Work item
What is needed is an exact copy of the lines in the entries below from the one holding "Imagen para Pokémon" through the one holding "Polo shirt, Blue, large image number 1", pictures excluded.

Top of Given records

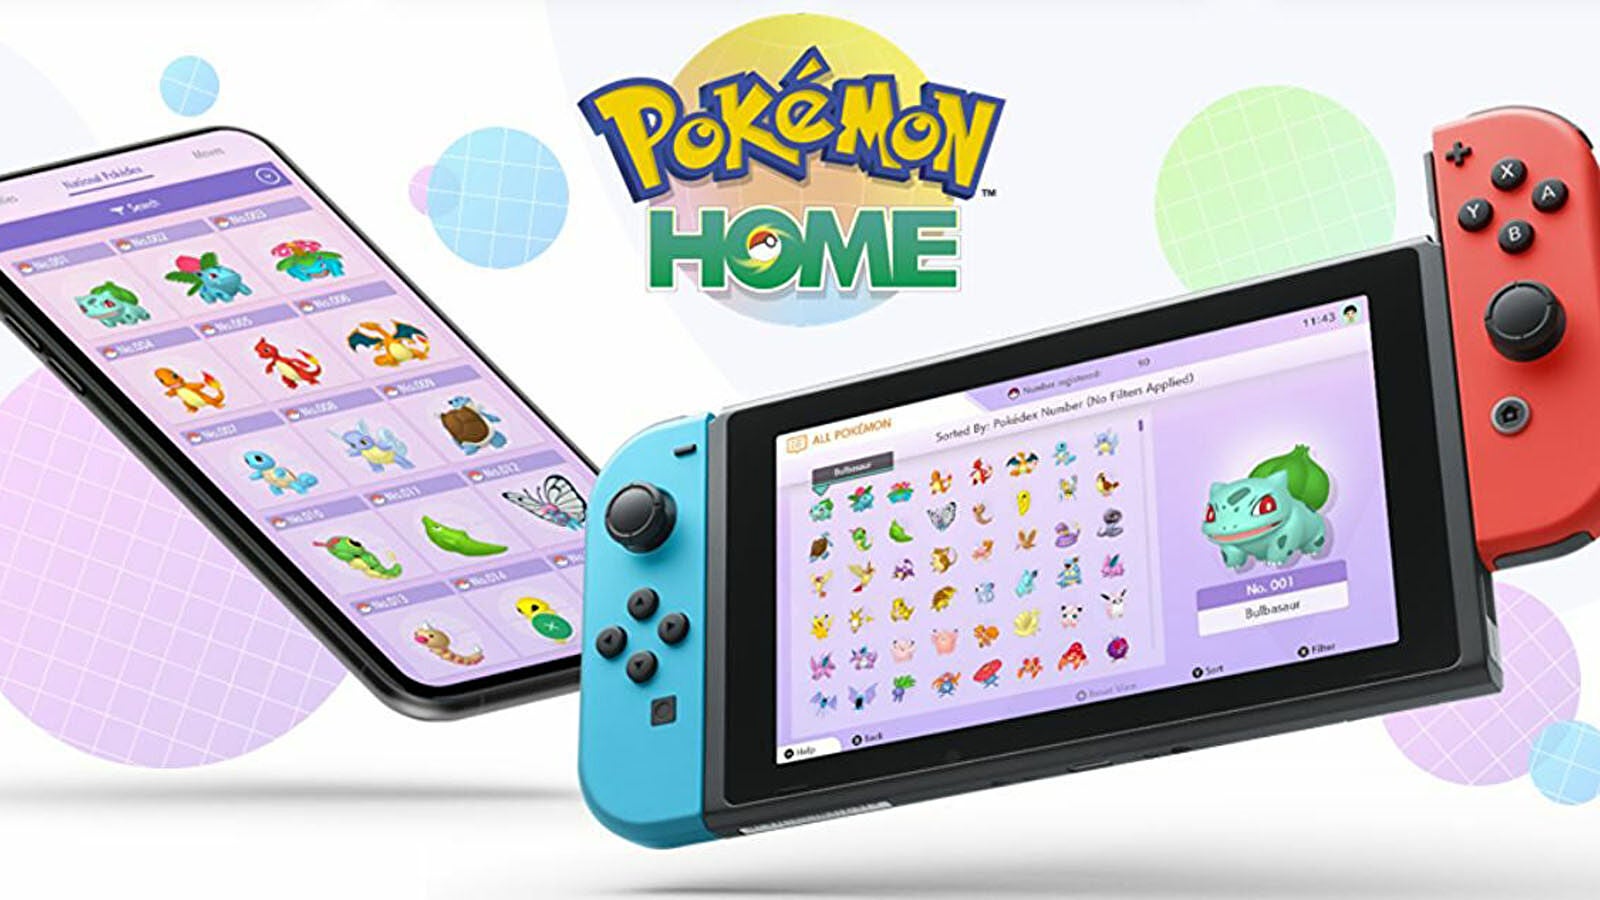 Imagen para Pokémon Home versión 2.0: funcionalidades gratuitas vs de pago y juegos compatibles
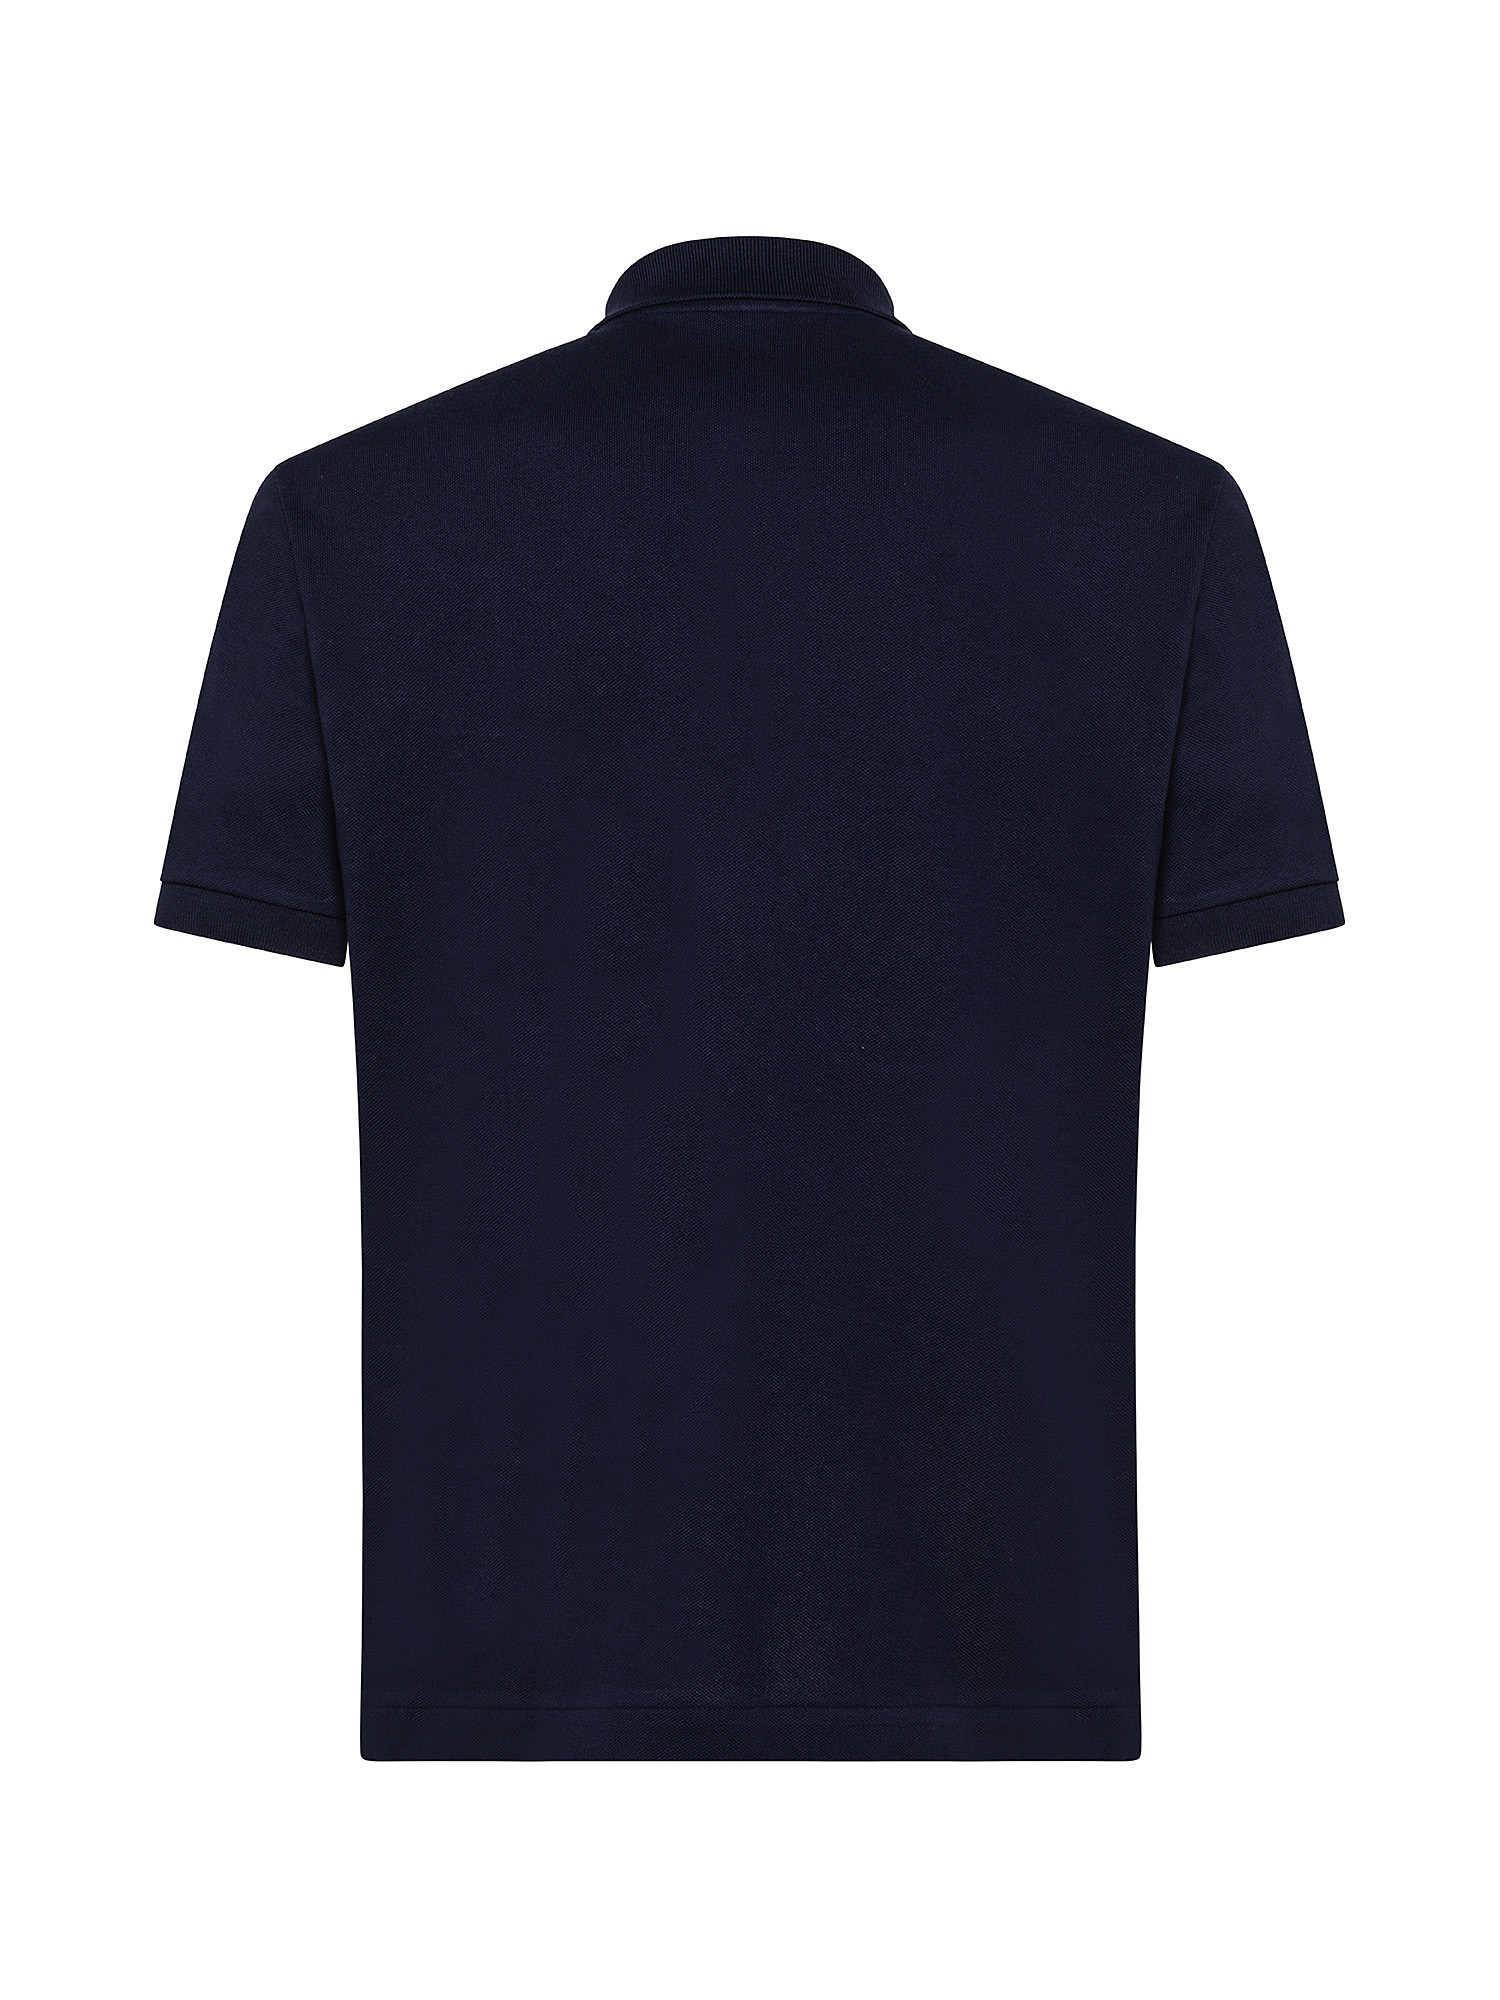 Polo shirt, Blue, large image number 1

Bottom of Given records
Top of Given records

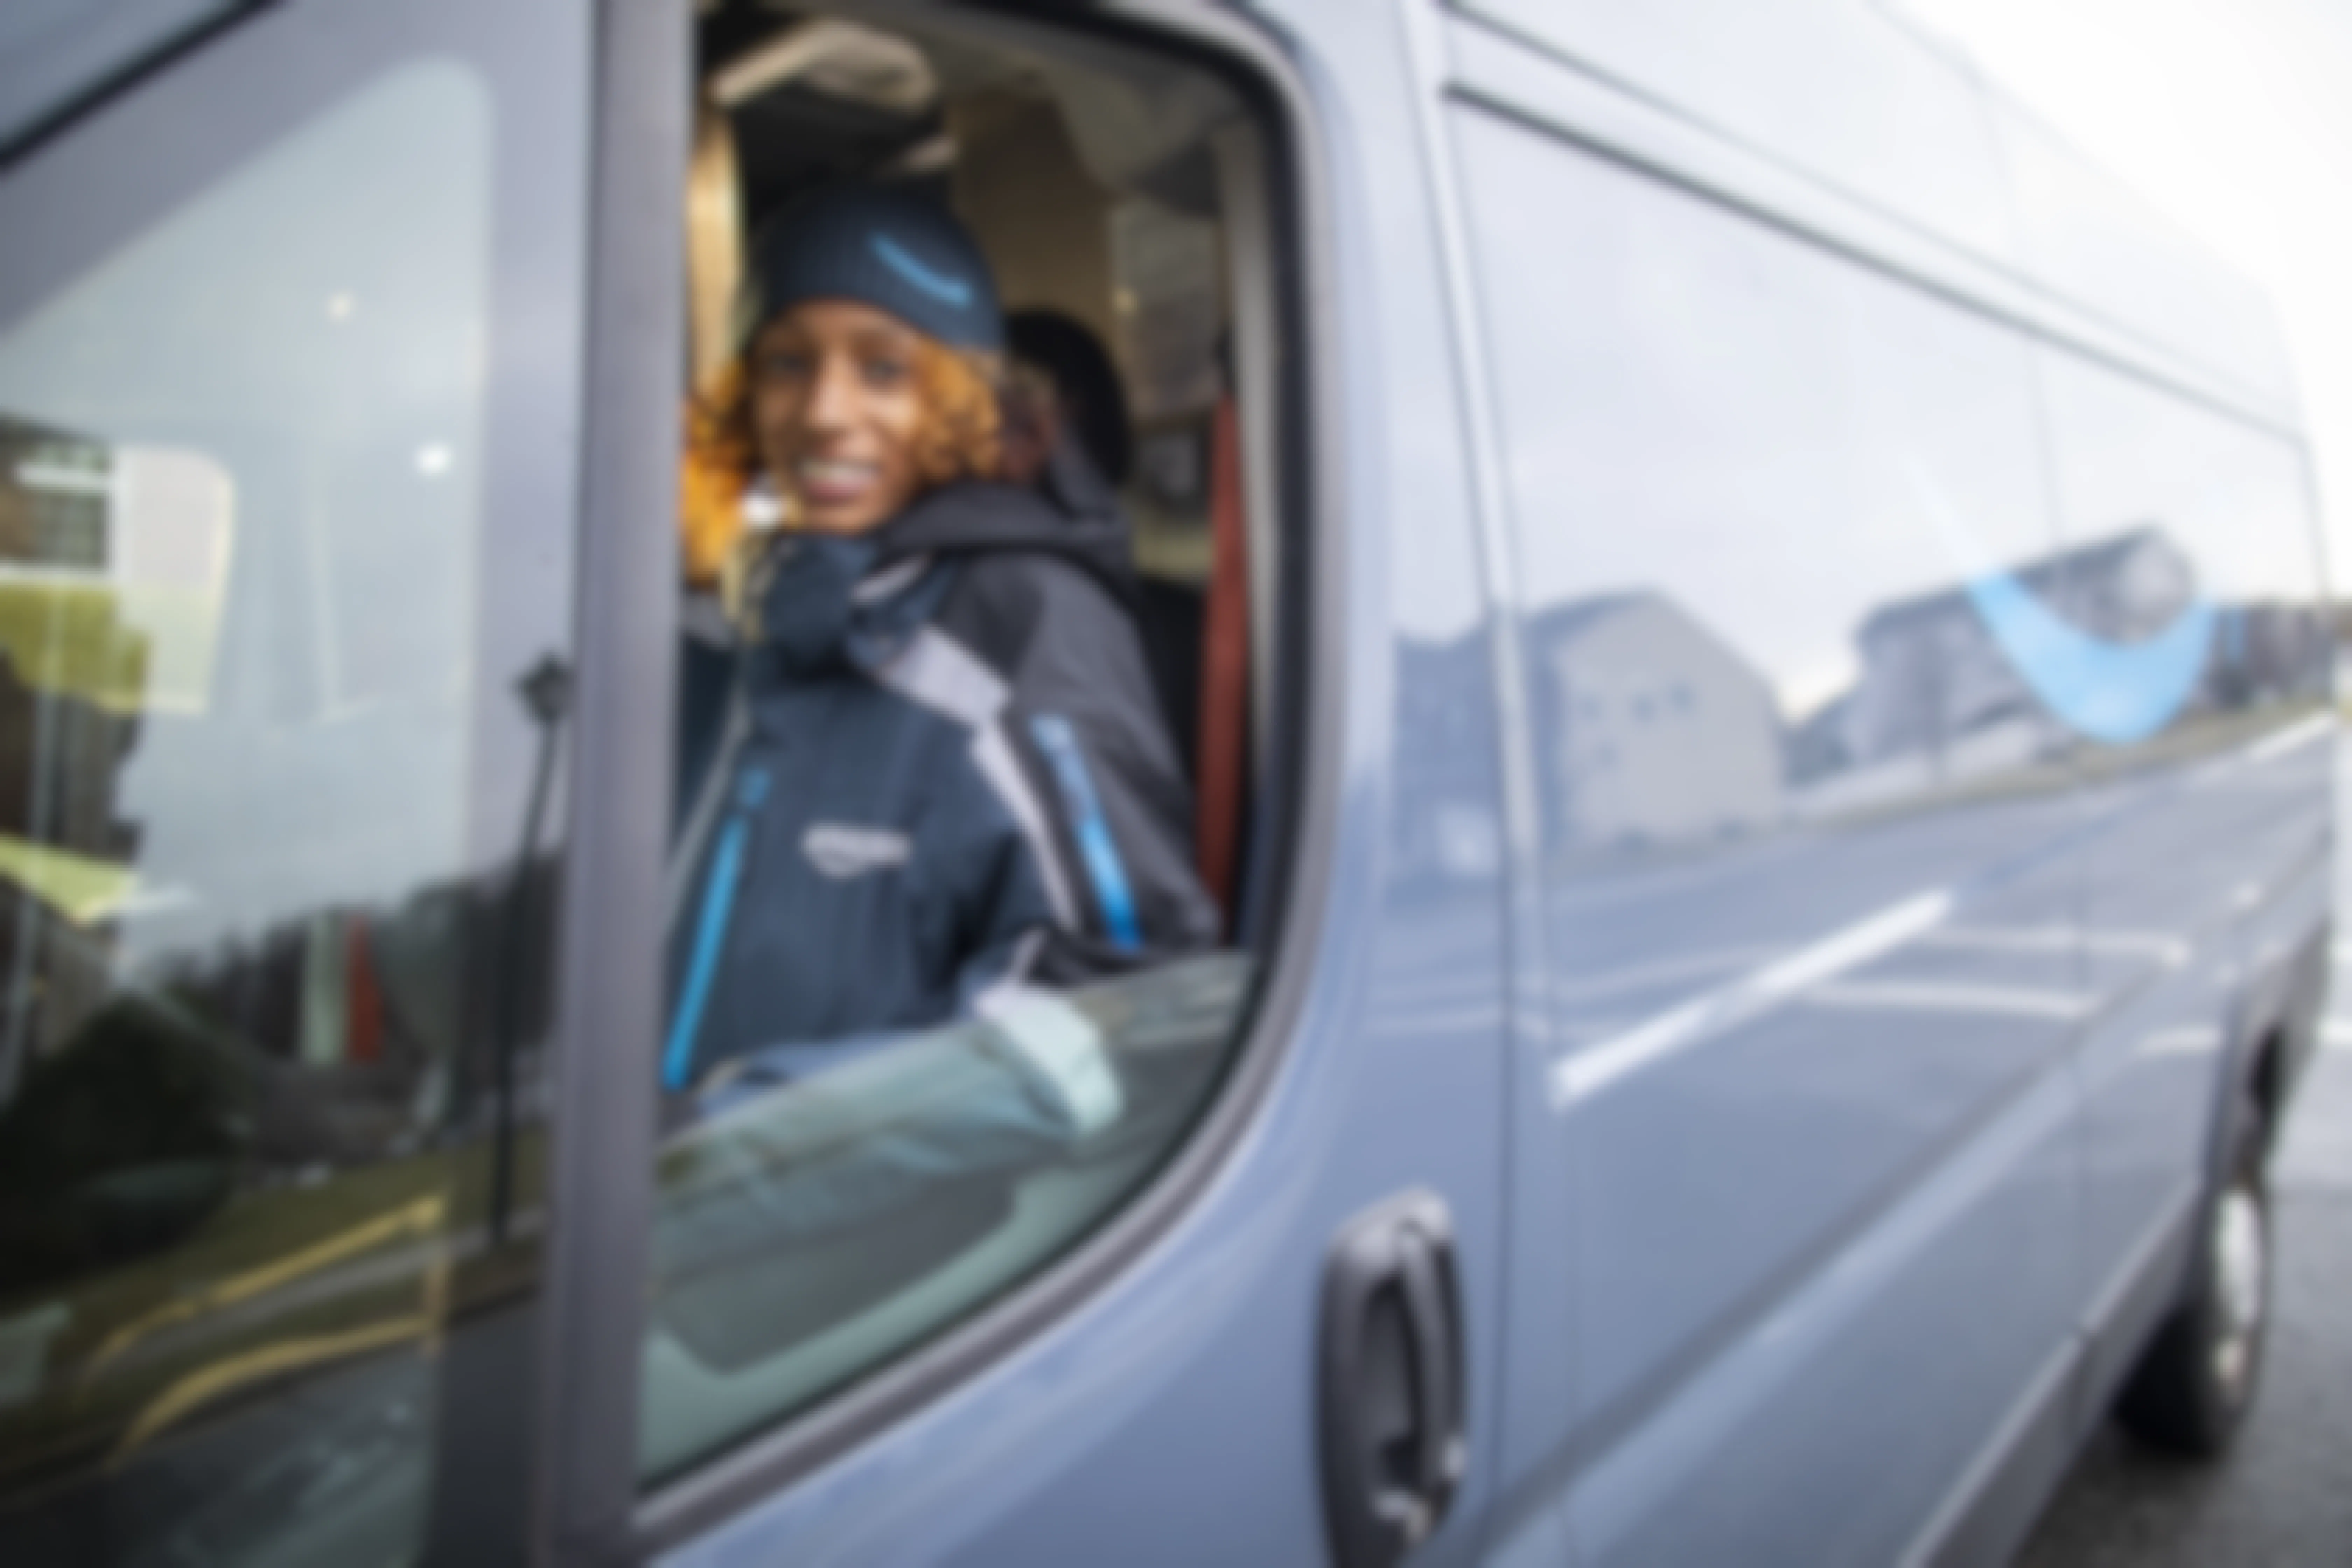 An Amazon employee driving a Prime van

Bottom of Given records
Top of Given records

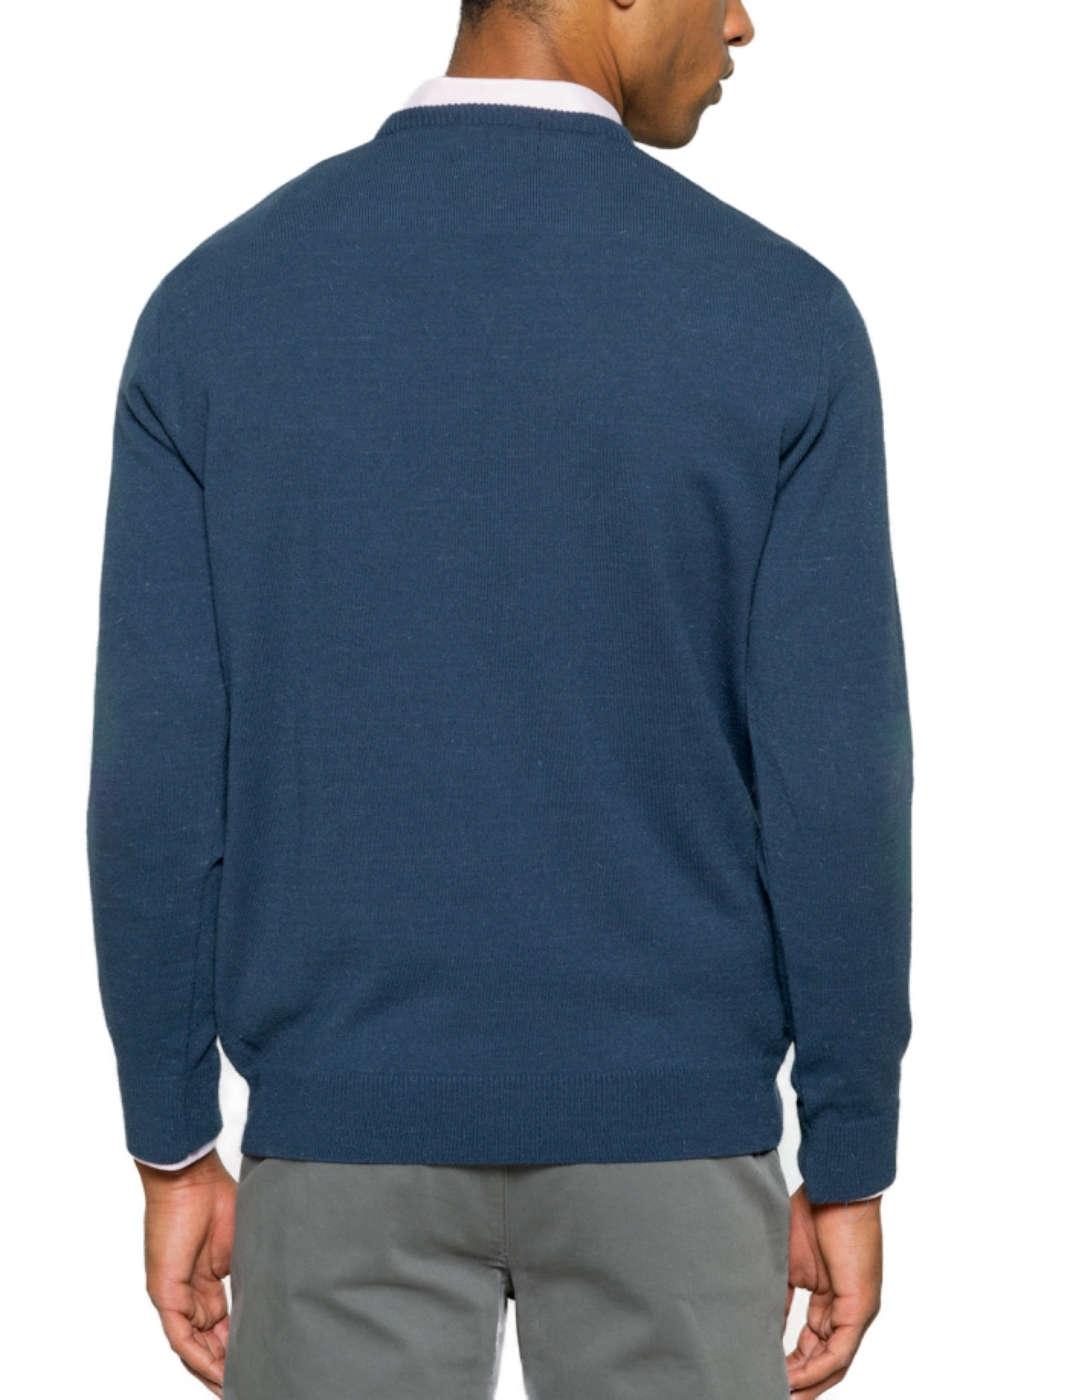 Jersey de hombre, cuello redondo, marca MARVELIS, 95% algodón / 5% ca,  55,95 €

Bottom of Given records

Task solution
 Imagen para Pokémon Home versión 2.0: funcionalidades gratuitas vs de pago y juegos compatibles
 Polo shirt, Blue, large image number 1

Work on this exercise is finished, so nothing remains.